The beauty of the RRR is that it allows your collaborators to run your
analysis out-of-the-box, without taking any separate steps to download
the data. How does it accomplish this? Let's take a look.

!["hold on to your butts" meme](Images/holdontoyourbutts.gif)

The first step in using the RRR workflow is to create a data extract.
While it is possible to create extracts entirely within R ([more on that
here](https://blog.popdata.org/interacting-with-the-ipums-extract-api-using-ipumsr/)),
many users (this author included) may want to use the online IPUMS
extract system to create and submit their extracts. Once you've
submitted your extract, take note of the extract number, then begin
working with the RRR as follows.

In RStudio, select File \> New File \> R Markdown:

![Screenshot of File menu in RStudio, with New File and R Markdown
selected.](Images/create-new-rmarkdown-file-menu.png)
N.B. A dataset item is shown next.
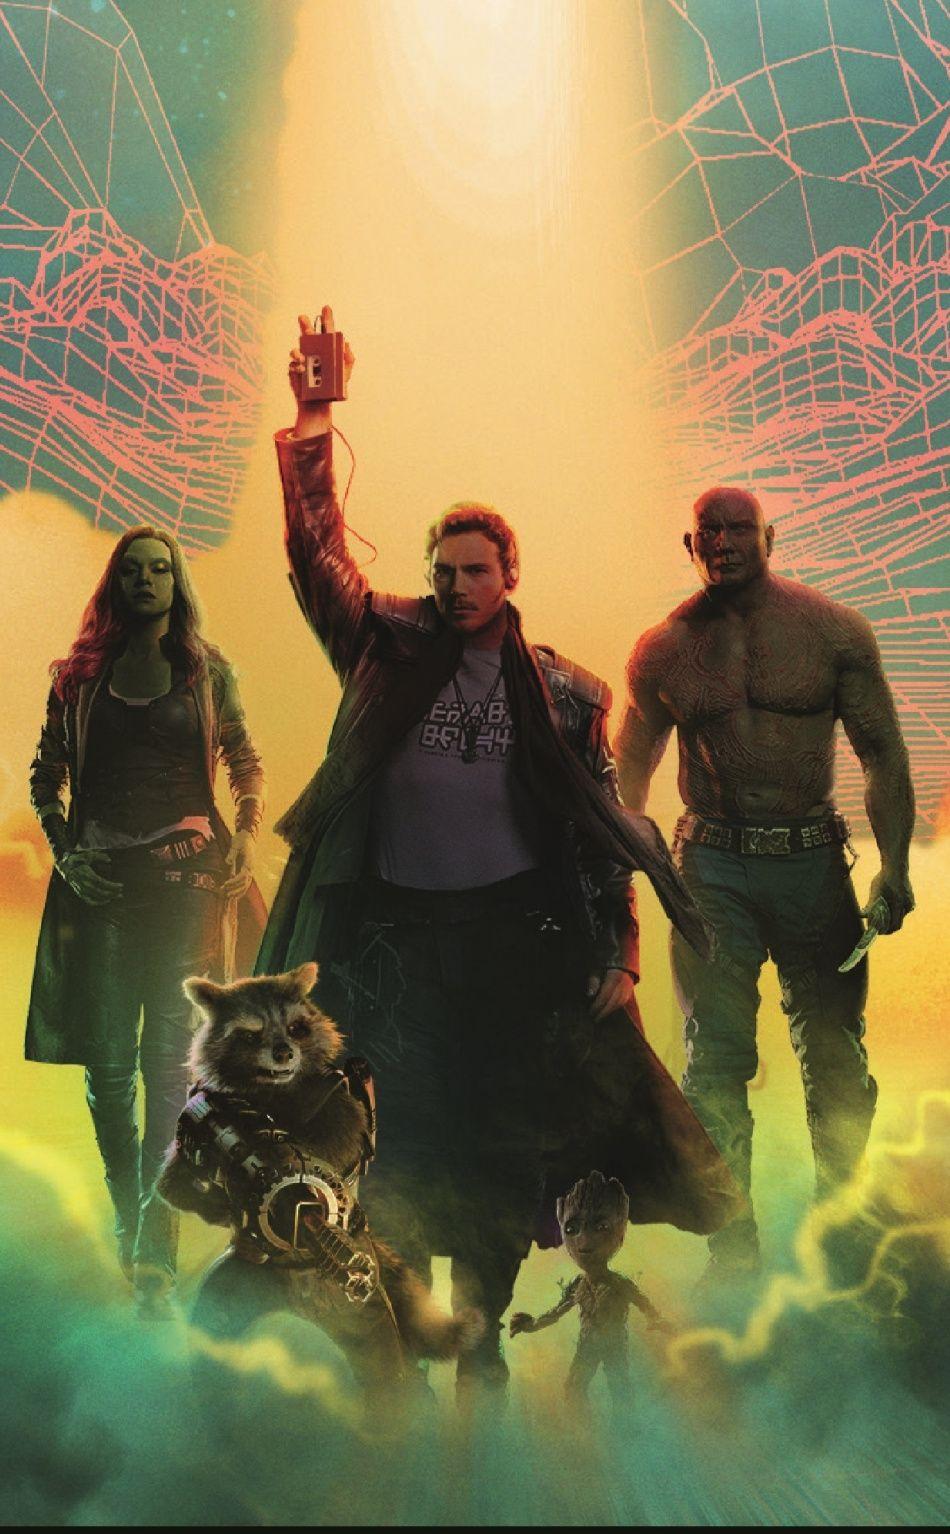 Guardians of the galaxy, superhero team, art, 950x1534 wallpaper

In the the popup menu, select From Template in the left sidebar, then
Rmd for Reproducible Research from the list of templates, and click OK:

![Screenshot of New R Markdown popup in RStudio, with From Template
selected in the left sidebar, and Rmd for Reproducible Research selected
from the list of templates.](Images/new-rmarkdown-from-template-rrr.png)

Now here we are, looking at a wall of instructions:

![Screenshot of the RRR R Markdown template file opened in the RStudio
editor.](Images/rrr-initial-open.png)

But don't worry! We've tried to make this as painless as possible. In
just a few steps you'll have your IPUMS data downloaded and the
framework for a shareable analysis project. These steps are described in
a bit more detail in the template itself, but we'll walk through them
quickly here. First, scroll down to the first code chunk, labeled
"project-parameters", and fill in values for the four parameters defined
there, as shown below: the IPUMS collection and extract number of your
submitted extract, a descriptive name for your extract, and a subfolder
in which to save your data files.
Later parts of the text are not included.